Different steels are chosen for different reasons: machinability, hardness, corrosion resistance, polish response, weldability, and thermal stability. No single steel is best for every mold.

The right question is not which steel is premium. The right question is which steel best fits the resin, finish target, and production plan.

Quick Comparison of Common Choices

P20 remains common for many general molds because it balances machinability and cost. H13 enters when heat and durability needs climb. S136 is often chosen when corrosion resistance and polish quality matter, while 718 is a practical pre-hardened steel in many commercial tools.

Thép Typical Strength Why It Is Chosen Common Watch-Out
P20 Balanced general use Cost and machinability Not ideal for every corrosive resin
H13 Higher toughness and heat performance Longer-run durability Higher cost and machining burden
S136 Corrosion resistance and polish Optical or corrosive applications Commercial premium
718 Stable pre-hardened option Practical commercial tooling Need to match to exact duty

How Resin and Surface Finish Change the Answer

Glass-filled materials, flame-retardant systems, and corrosive additives can push a shop away from the cheapest steel option. Likewise, high-polish cosmetic parts and transparent components often justify better corrosion resistance and polish behavior.

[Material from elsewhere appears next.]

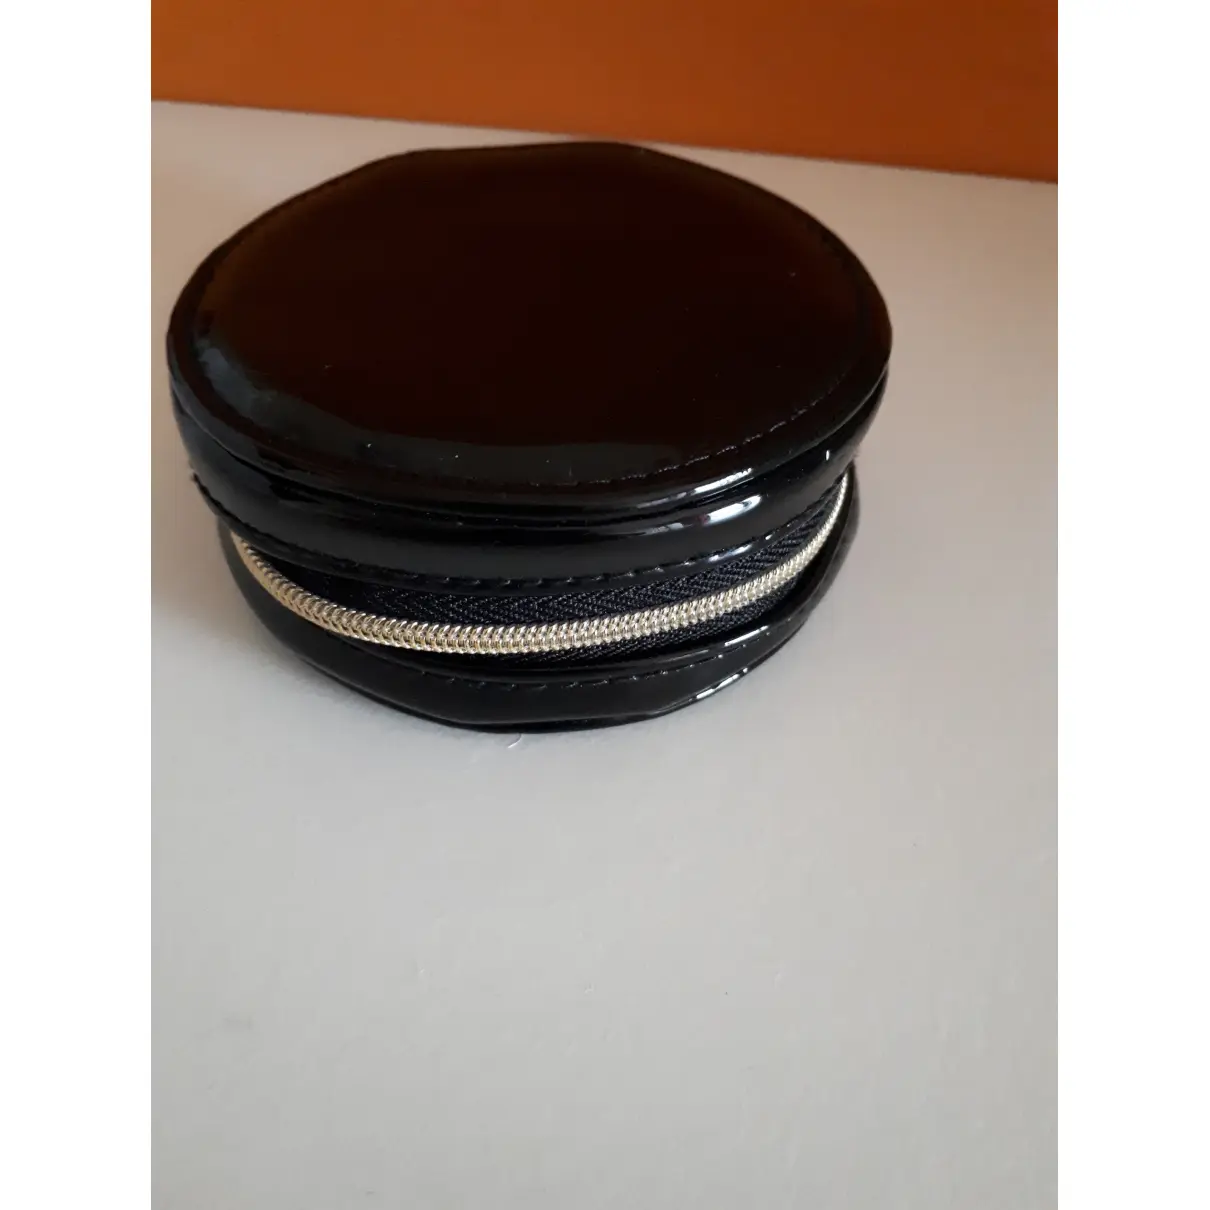 Buy Yves Saint Laurent Patent leather purse online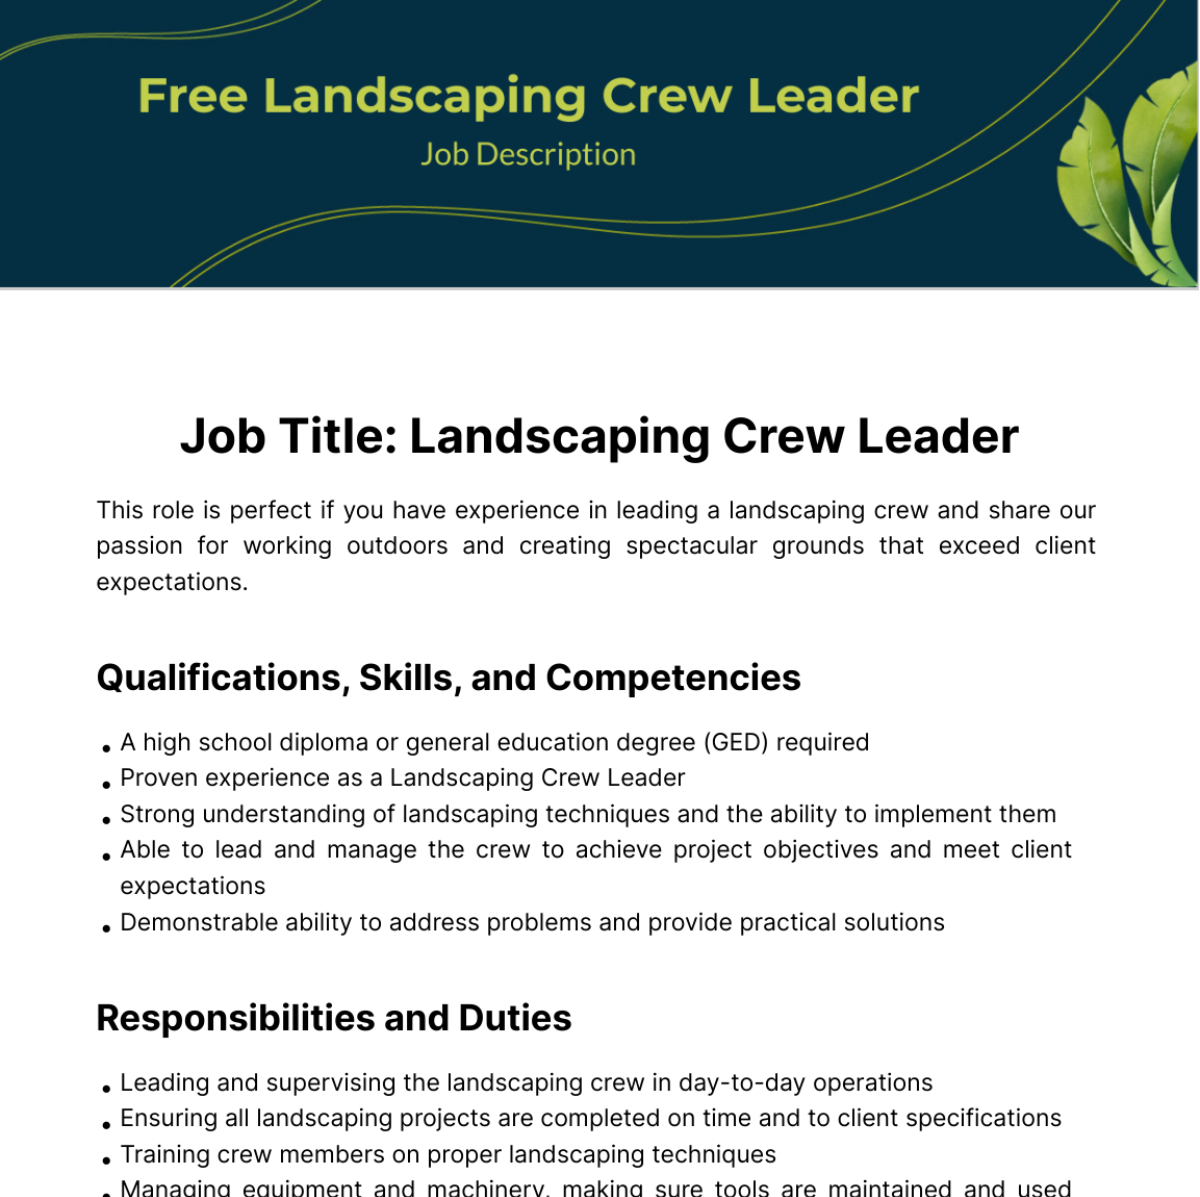 Free Landscaping Crew Leader Job Description Template

A mold steel decision that ignores resin abrasiveness is usually a delayed maintenance problem.

Questions to Lock Down with the Toolmaker

Ask the supplier what annual volume the steel choice assumes, what maintenance interval is expected, and whether the core and cavity use the same steel or a mixed strategy.

That conversation reveals whether the steel recommendation is driven by part reality or by a generic shop habit.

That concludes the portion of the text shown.